:: What you are asked to do ::
A partial copy is required: transcribe exactly the lines from the one containing "Regno Unito e" through the last line below, without any pictures.

:: Source data ::
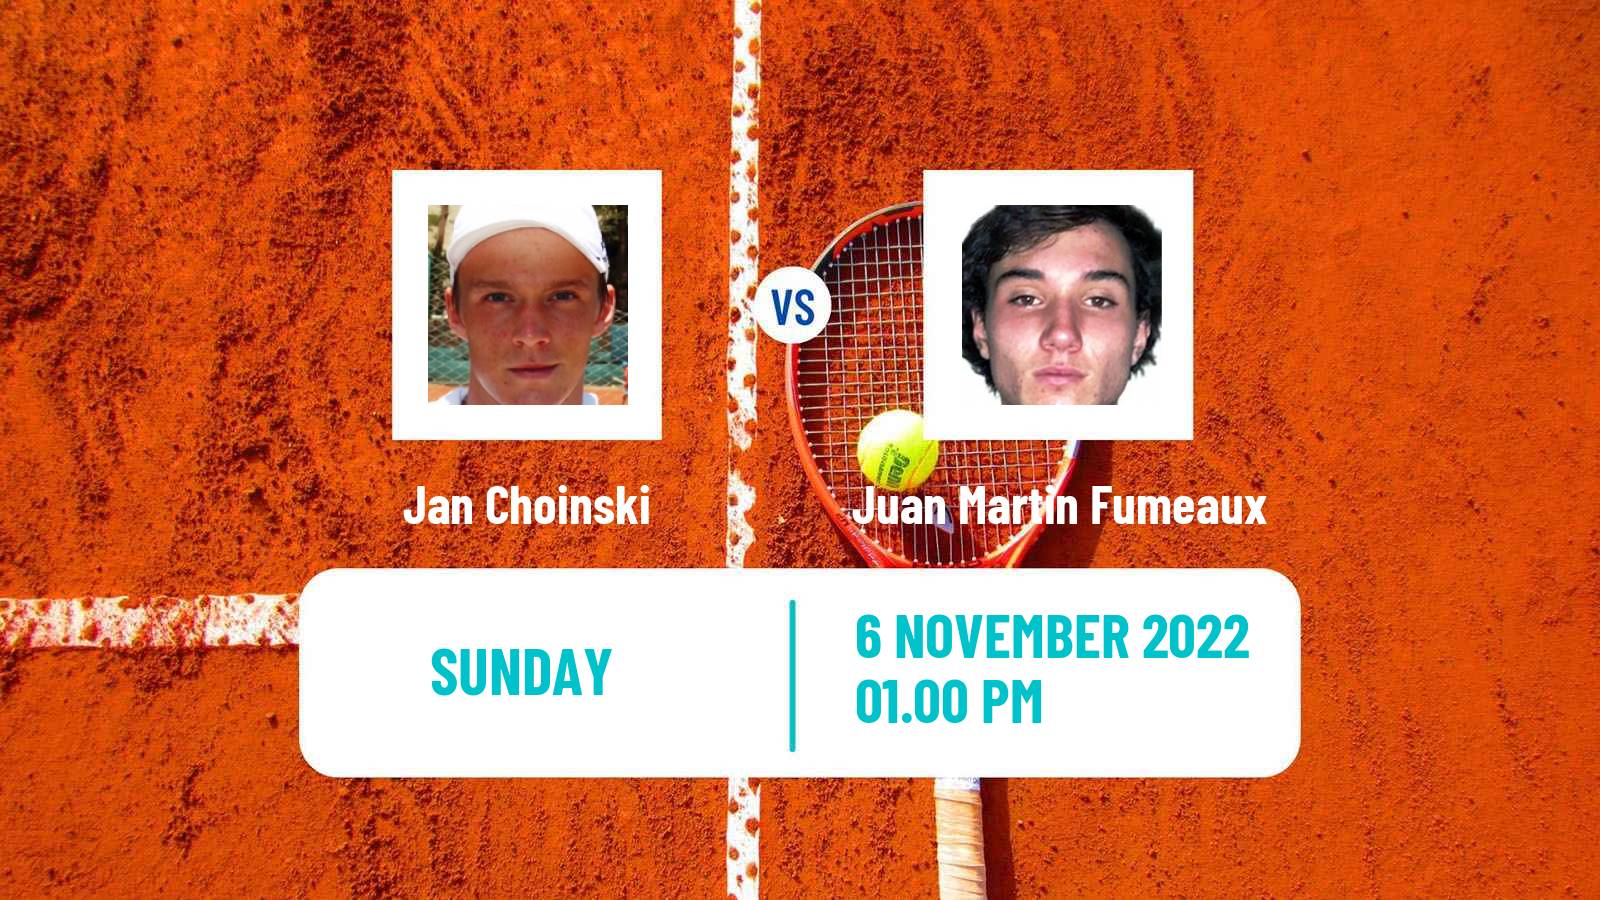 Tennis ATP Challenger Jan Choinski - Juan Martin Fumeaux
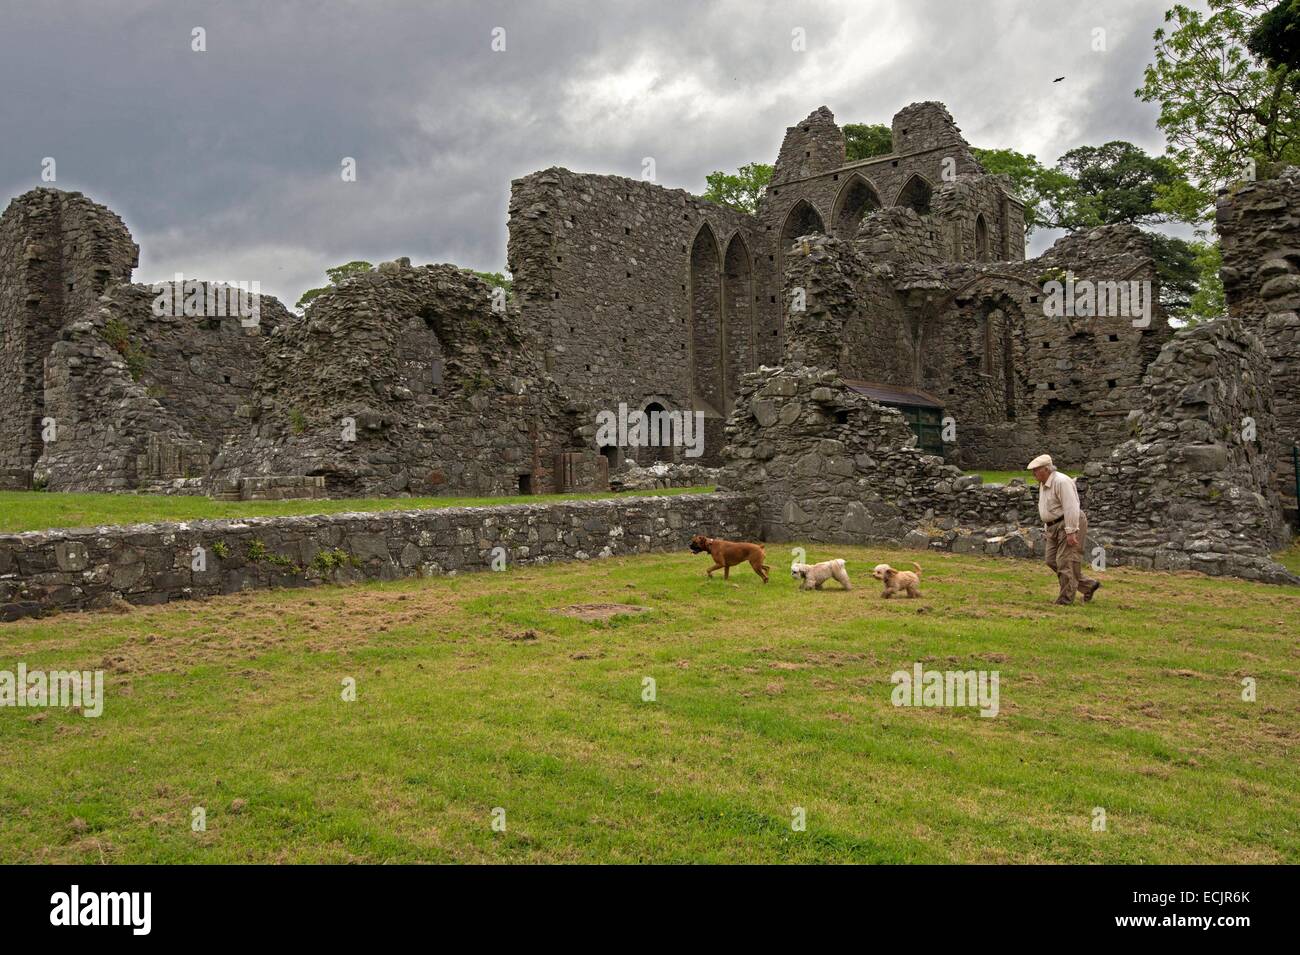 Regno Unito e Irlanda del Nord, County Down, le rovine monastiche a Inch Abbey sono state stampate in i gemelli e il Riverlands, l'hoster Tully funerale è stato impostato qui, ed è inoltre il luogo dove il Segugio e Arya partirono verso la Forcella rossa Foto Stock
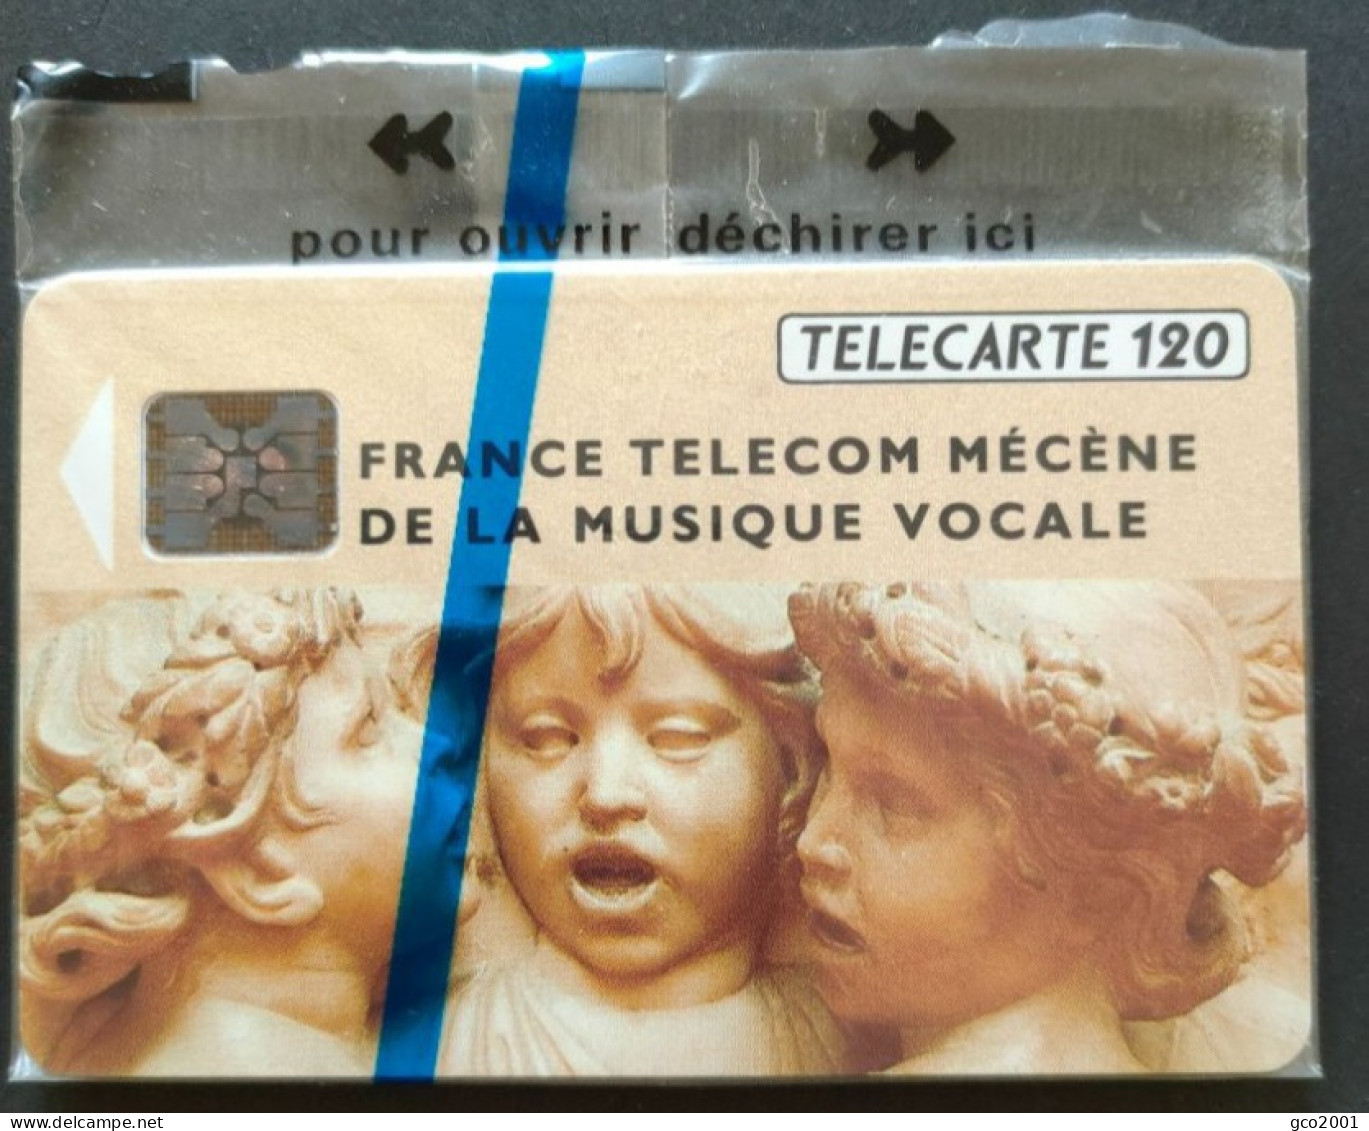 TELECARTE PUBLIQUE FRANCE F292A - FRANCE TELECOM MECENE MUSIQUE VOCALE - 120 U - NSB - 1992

:: Answer to the exercise ::
 Regno Unito e Irlanda del Nord, County Down, le rovine monastiche a Inch Abbey sono state stampate in i gemelli e il Riverlands, l'hoster Tully funerale è stato impostato qui, ed è inoltre il luogo dove il Segugio e Arya partirono verso la Forcella rossa Foto Stock
 TELECARTE PUBLIQUE FRANCE F292A - FRANCE TELECOM MECENE MUSIQUE VOCALE - 120 U - NSB - 1992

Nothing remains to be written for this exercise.